Task goal =
What you return must be the full data, repeated verbatim, with no pictures in it.

Input data =
....
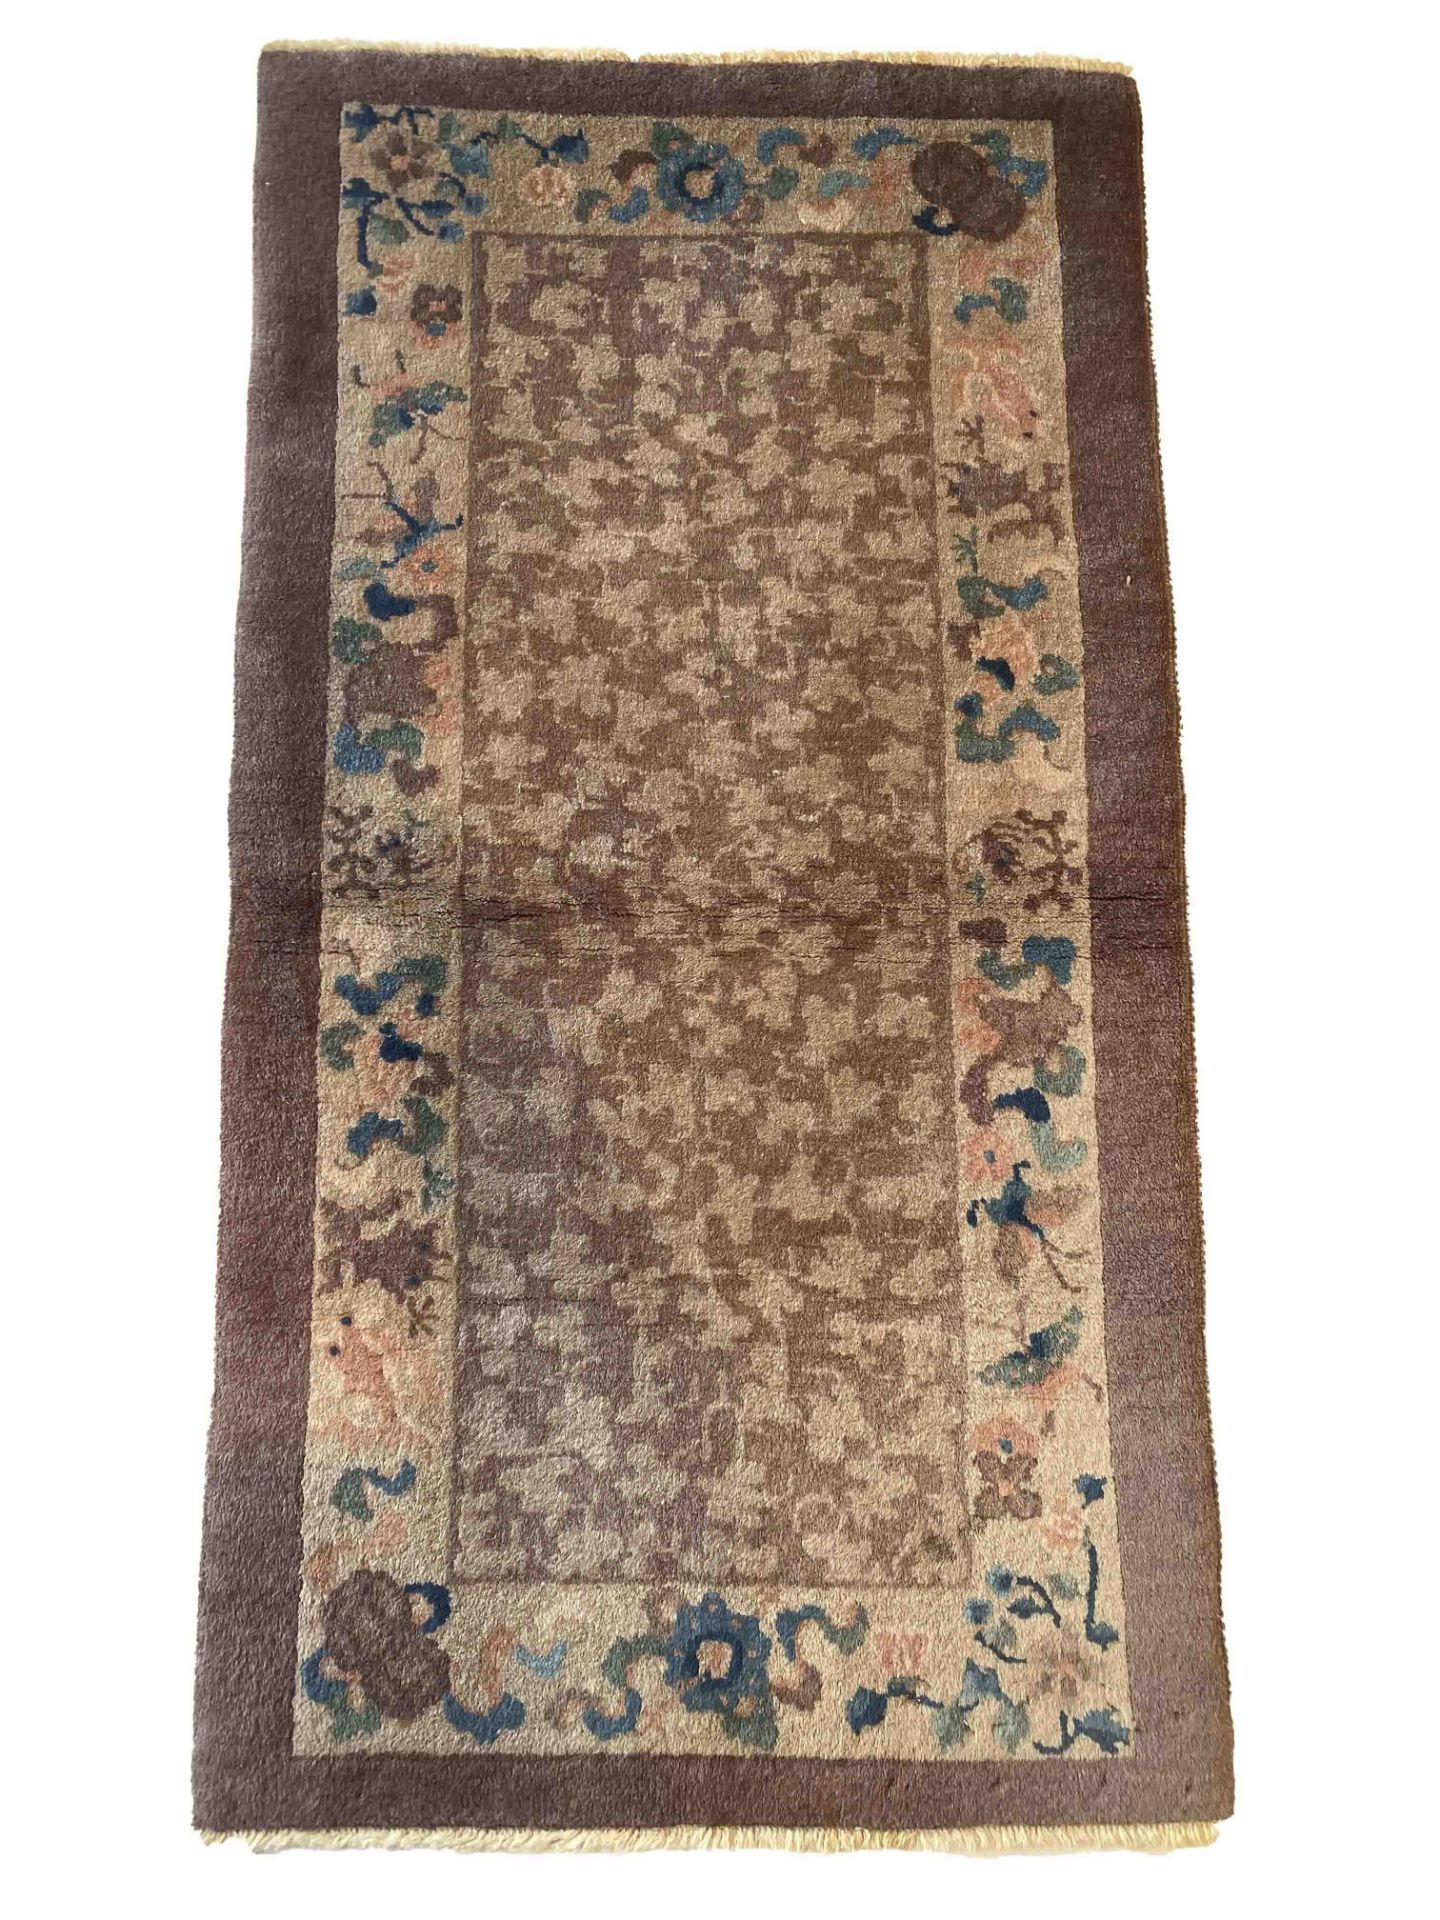 Teppich, China, minor wear, 120
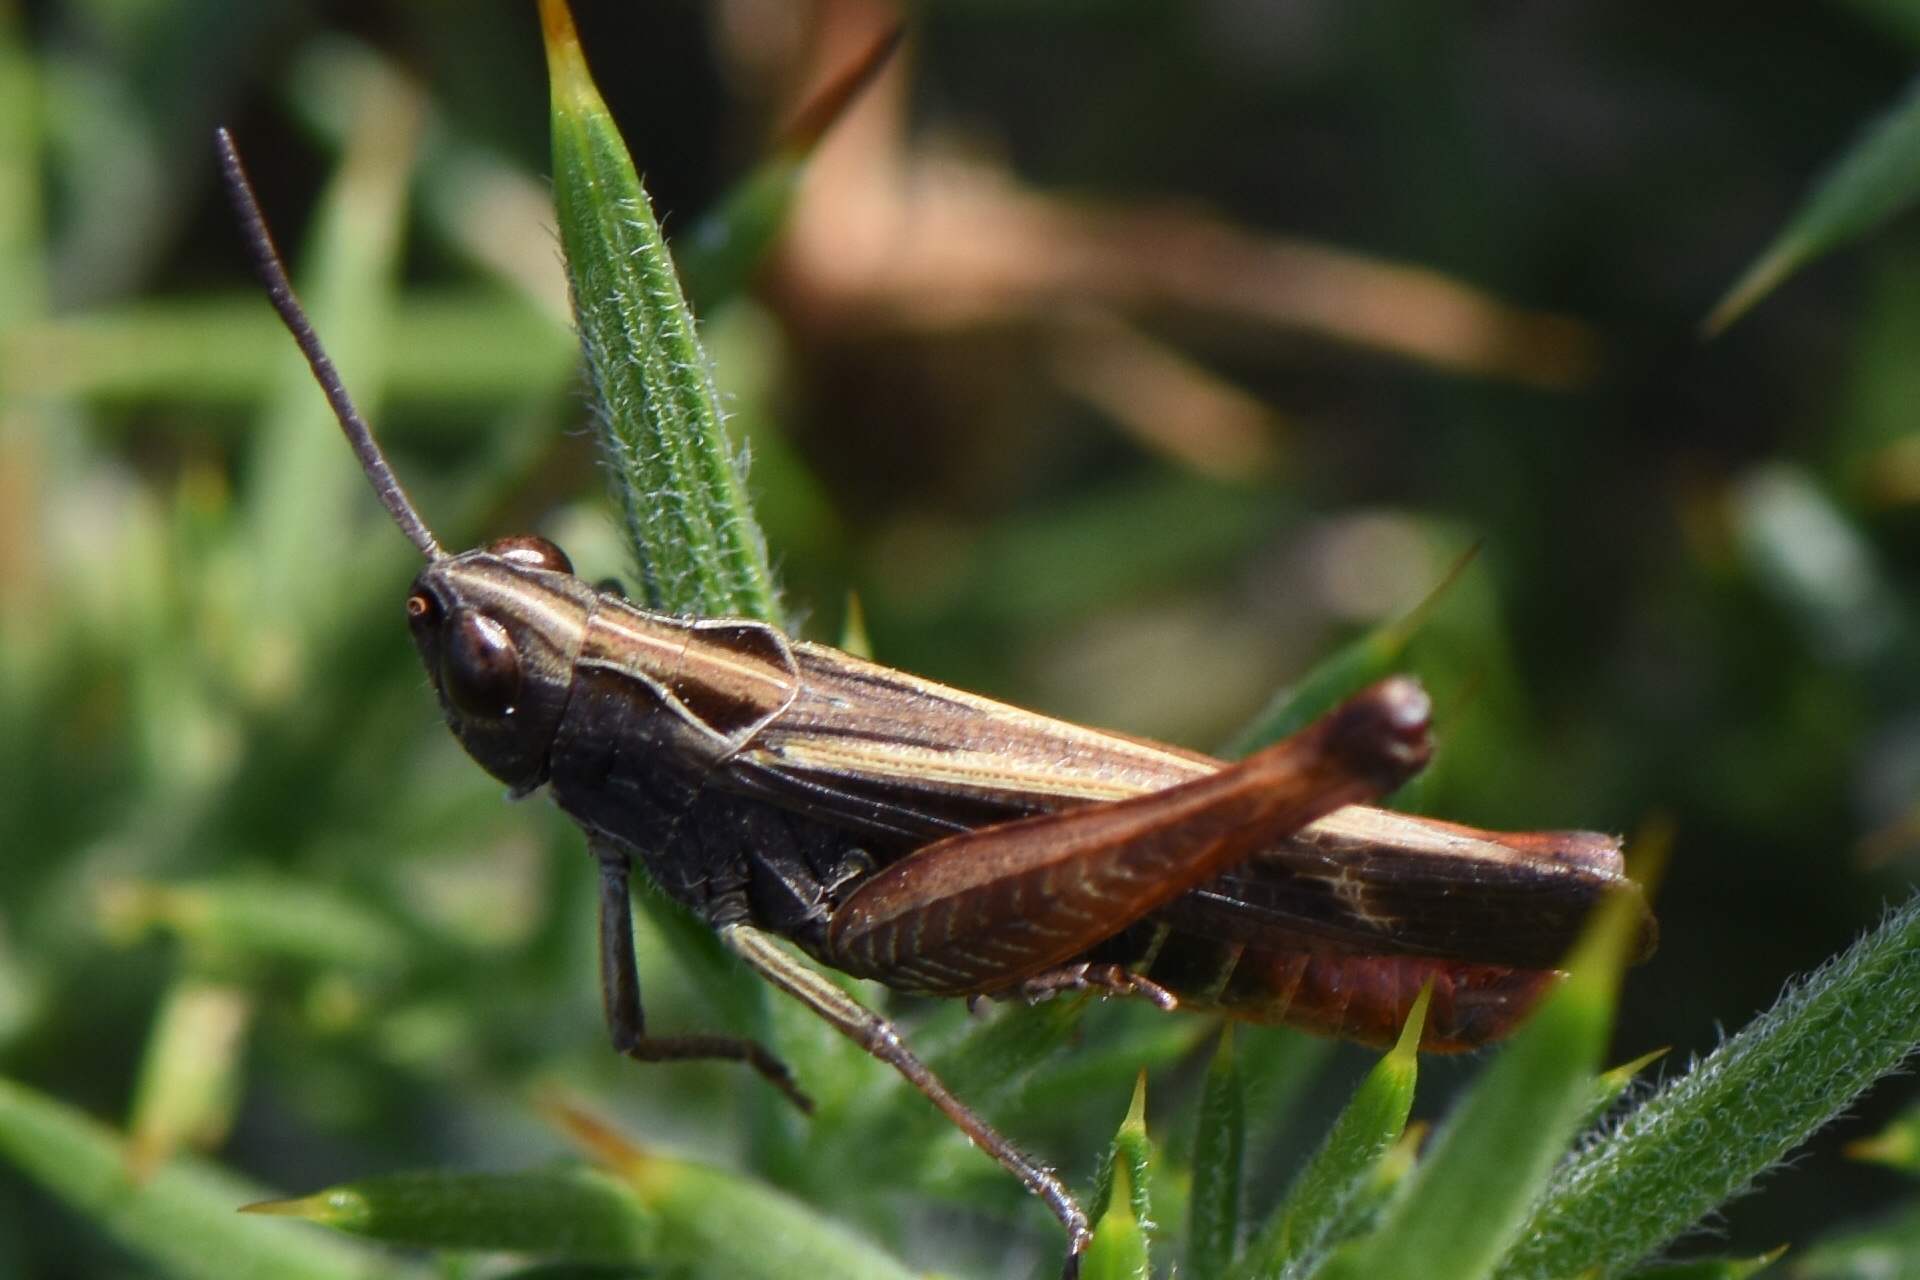 Forest grasshopper photo
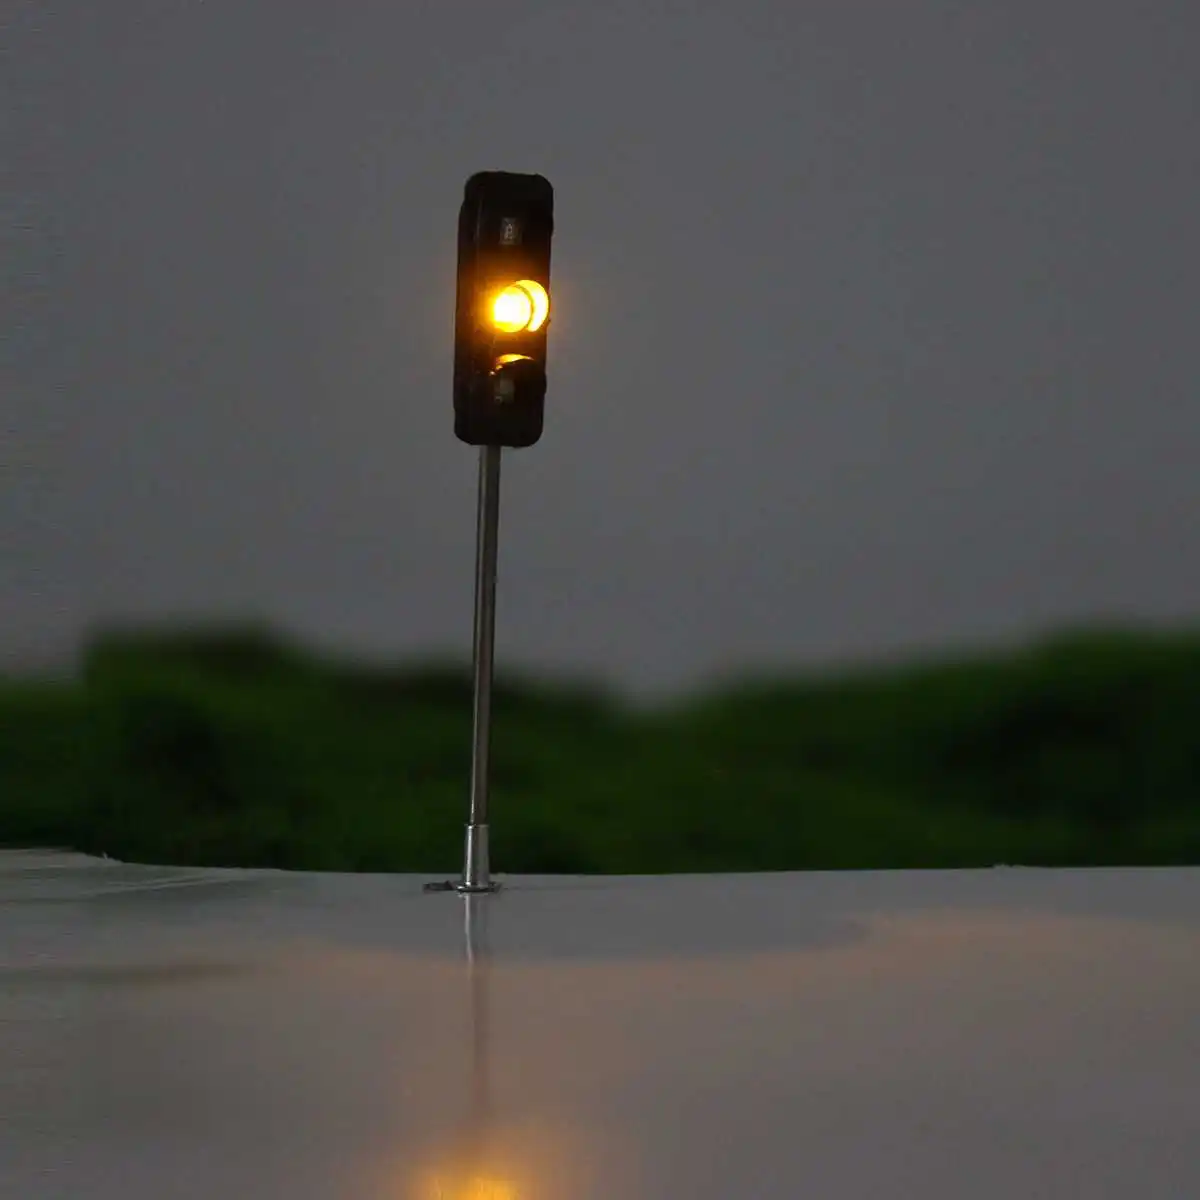 3 шт. конструкция Хо/ОО модель 3-светильник дорожный светильник s сигнальный светодиодный контур модель 50 мм DIY для архитектурной уличной железнодорожной дороги
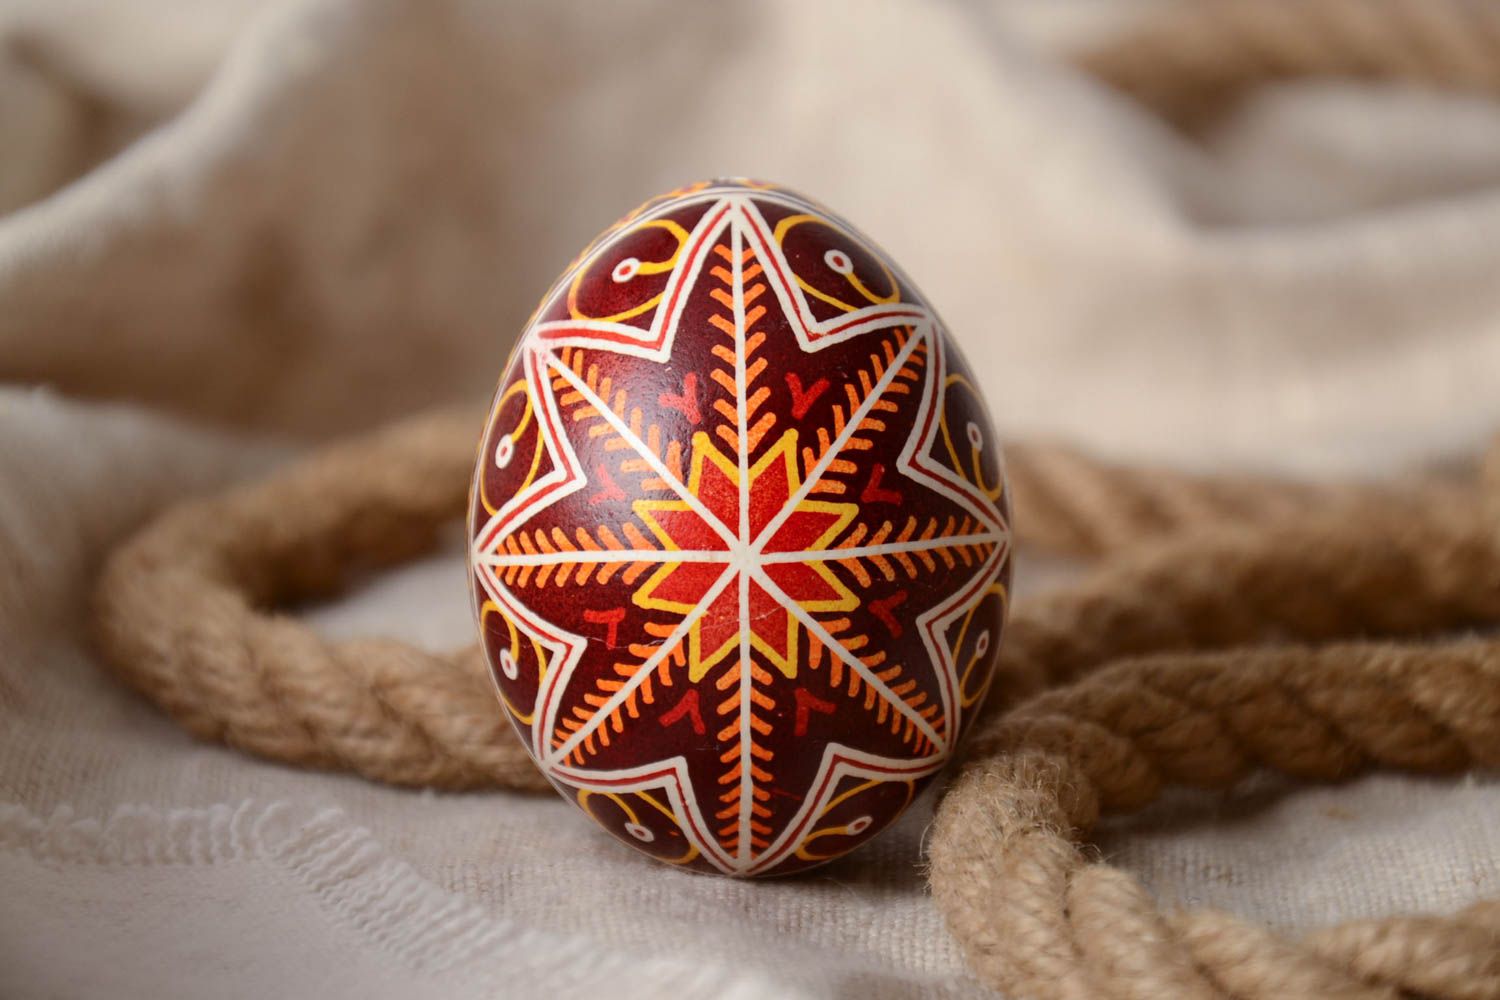 Пасхальное яйцо ручной работы красивое яркое нарядное в восковой технике фото 1
....
Written answer =
 Teppich, China, minor wear, 120
 Forest grasshopper photo
 3 шт. конструкция Хо/ОО модель 3-светильник дорожный светильник s сигнальный светодиодный контур модель 50 мм DIY для архитектурной уличной железнодорожной дороги
 Пасхальное яйцо ручной работы красивое яркое нарядное в восковой технике фото 1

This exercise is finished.